Convert hexadecimal numbers to decimal numbers by multiplying the hex digits by the base number of the system (Base 16) raised to the exponent of the position.

Example:
Convert the hex number 3F4B to a decimal number. (Work from right to left.)

3 x 16³	=	12288
F(15) x 16²	=	3840
4 x 16¹	=	64
B(11) x 16⁰	=	11
_________________
		16203	= decimal equivalent

6.2	Hexadecimal Numbers
	6.2.5	Methods for working with hexadecimal and binary numbers

Converting binary to hexadecimal and hexadecimal to binary is an easy conversion. The reason is that base16(hexadecimal) is a power of base 2(binary). Every four binary digits (bits) are equal to one hexadecimal digit. The conversion looks like this:

Binary		Hex	Binary		Hex
0000	=	0	1000	=	8
0001	=	1	1001	=	9
0010	=	2	1010	=	A
0011	=	3	1011	=	B
0100	=	4	1100	=	C
0101	=	5	1101	=	D
0110	=	6	1110	=	E
0111	=	7	1111	=	F

So if we have a binary number that looks like 01011011, we break it into two groups of four bits. These look like this: 0101 and 1011. When you convert these two groups to hex, they look like 5 and B. So converting 01011011 to hex is 5B. To convert hex to binary do the opposite. Convert hex AC to binary. First convert hex A which is 1010 binary and then convert hex C which is 1100 binary. So the conversion is hex AC is 10101100 binary.

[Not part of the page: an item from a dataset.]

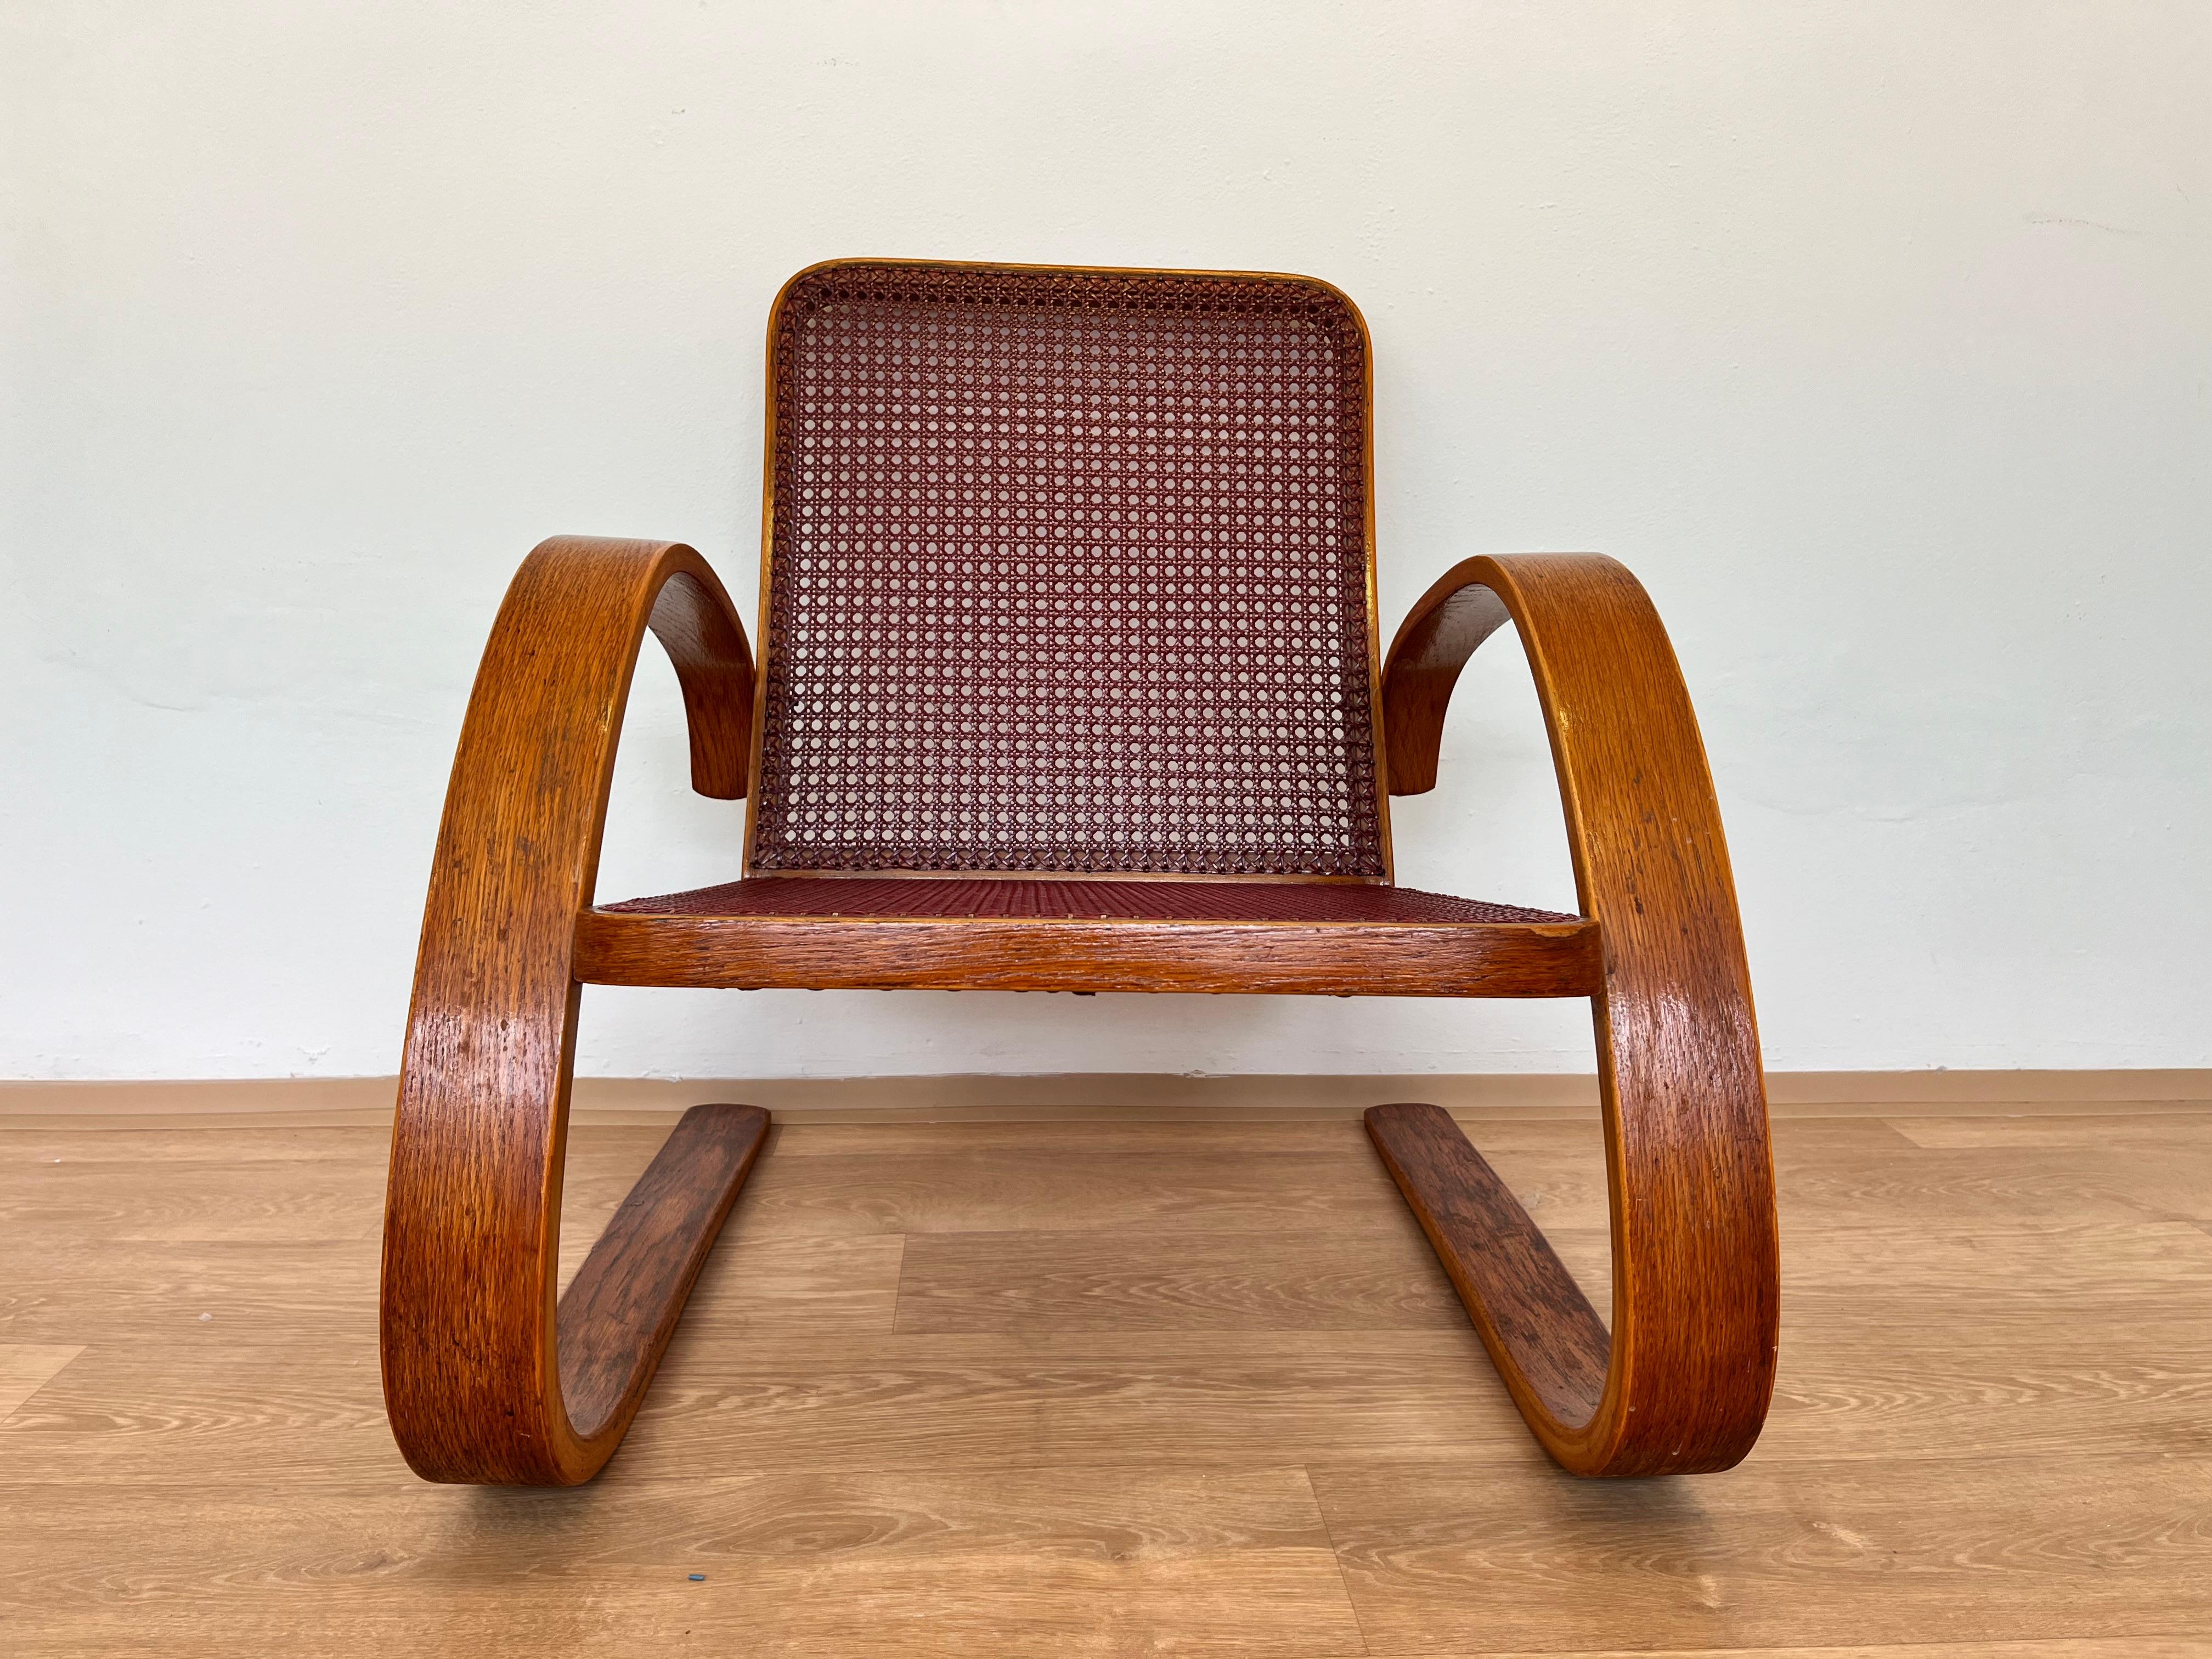 Wicker VERY RARE armchair by Miroslav Navrátil for Zdeněk Plesník - 1940s For Sale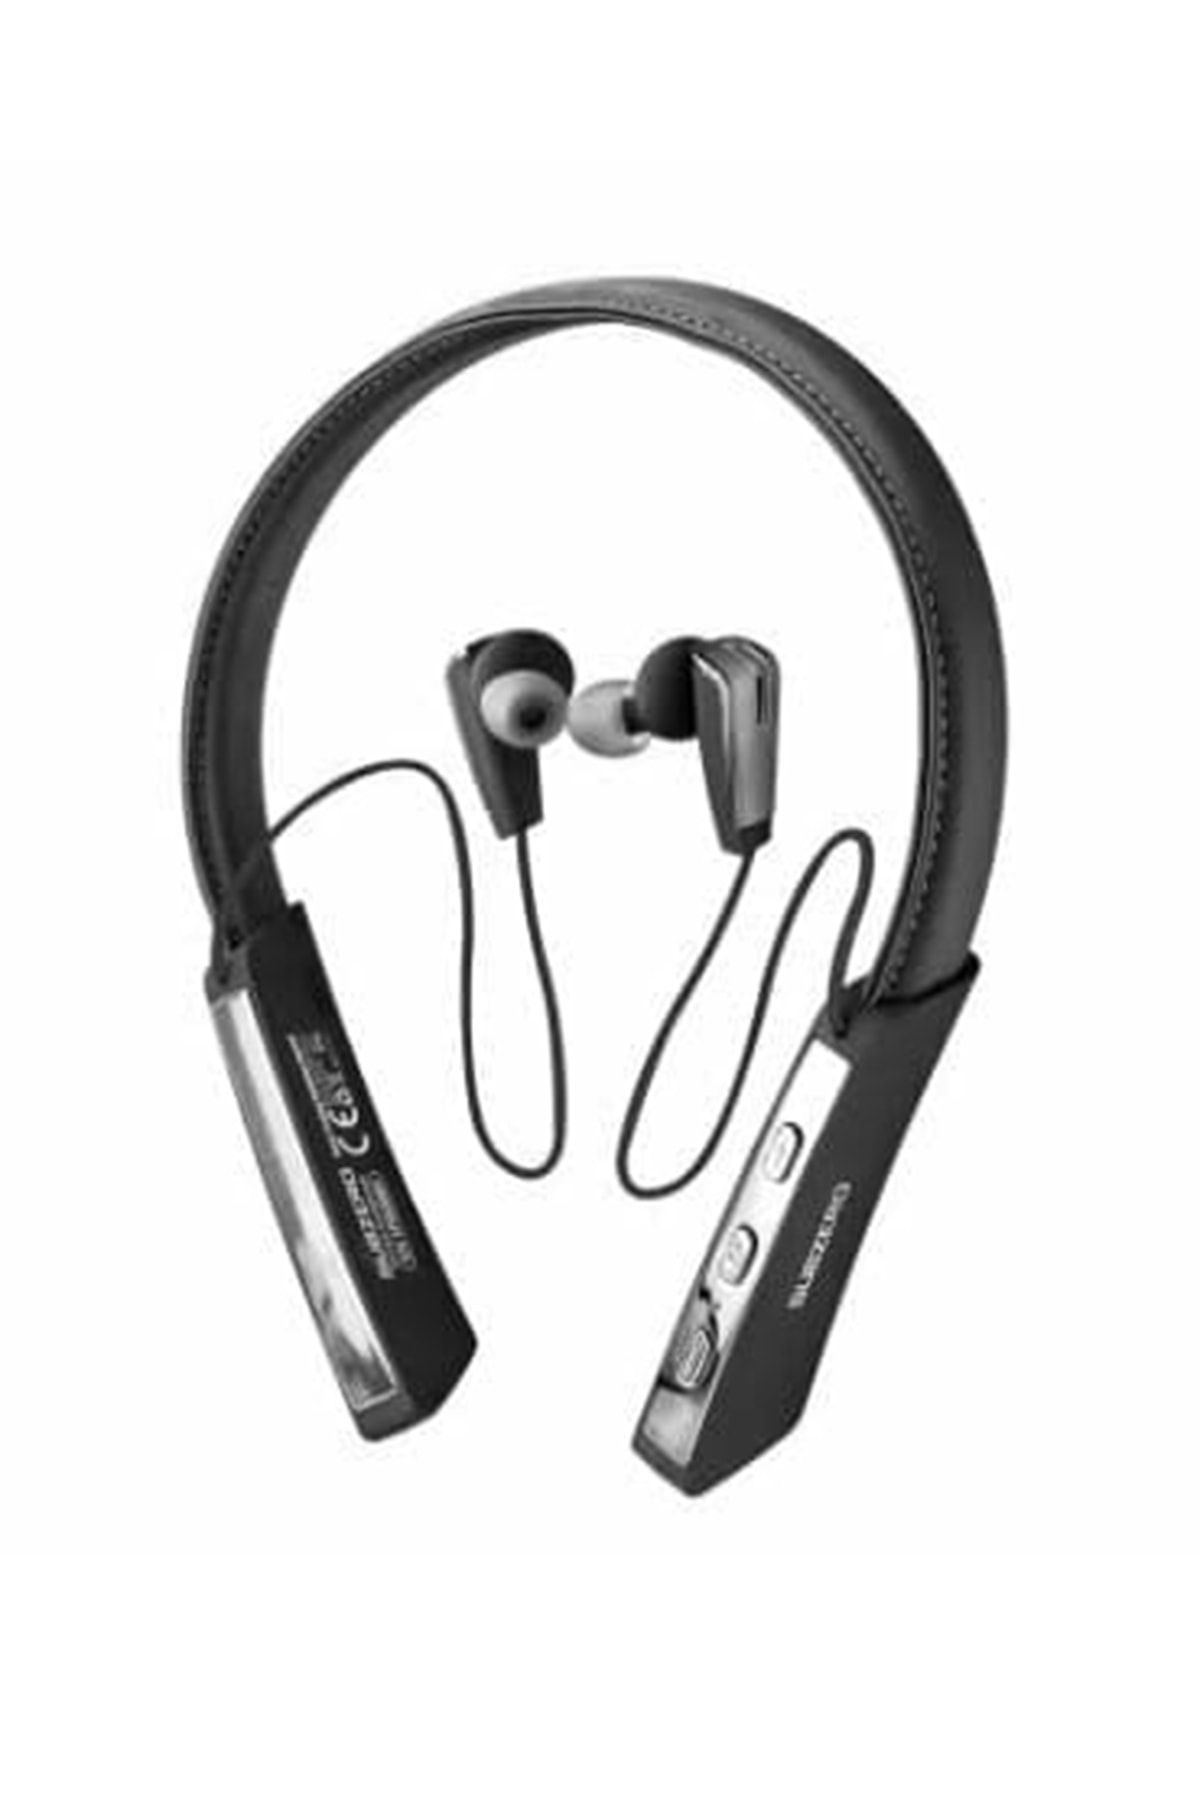 Subzero Kablosuz Bluetooth Kulaklık Wıreless Stereo - Boyun Askılı Deri Sporcu Kulaklığı Super Bass 50 Saat

No matter how large the binary number, you always apply the same conversion. Start from the right of the binary number and break the number into groups of four. If at the left end of the number it doesn't evenly fit into a group of four, add zeros to the left end until it is equal to four digits (bits). Then convert each group of four to its hex equivalent. Here is an example:

100100100010111110111110111001001									converts to:
0001	0010	0100	0101	1111	0111	1101	1100	1001	converts to:
1	2	4	5	F	7	D	C	9	so:

100100100010111110111110111001001 Binary = 1245F7DC9 hex

As stated before hex works in exactly the opposite way. For every one hex digit, you convert it to four binary digits (bits). For example:

AD46BF							converts to:
	A	D	4	6	B	F	converts to:
	1010	1101	0100	0110	1011	1111	so:

AD46BF hex converts to 101011010100011010111111 binary

That is the conversion for binary to hexadecimal and from hexadecimal to binary.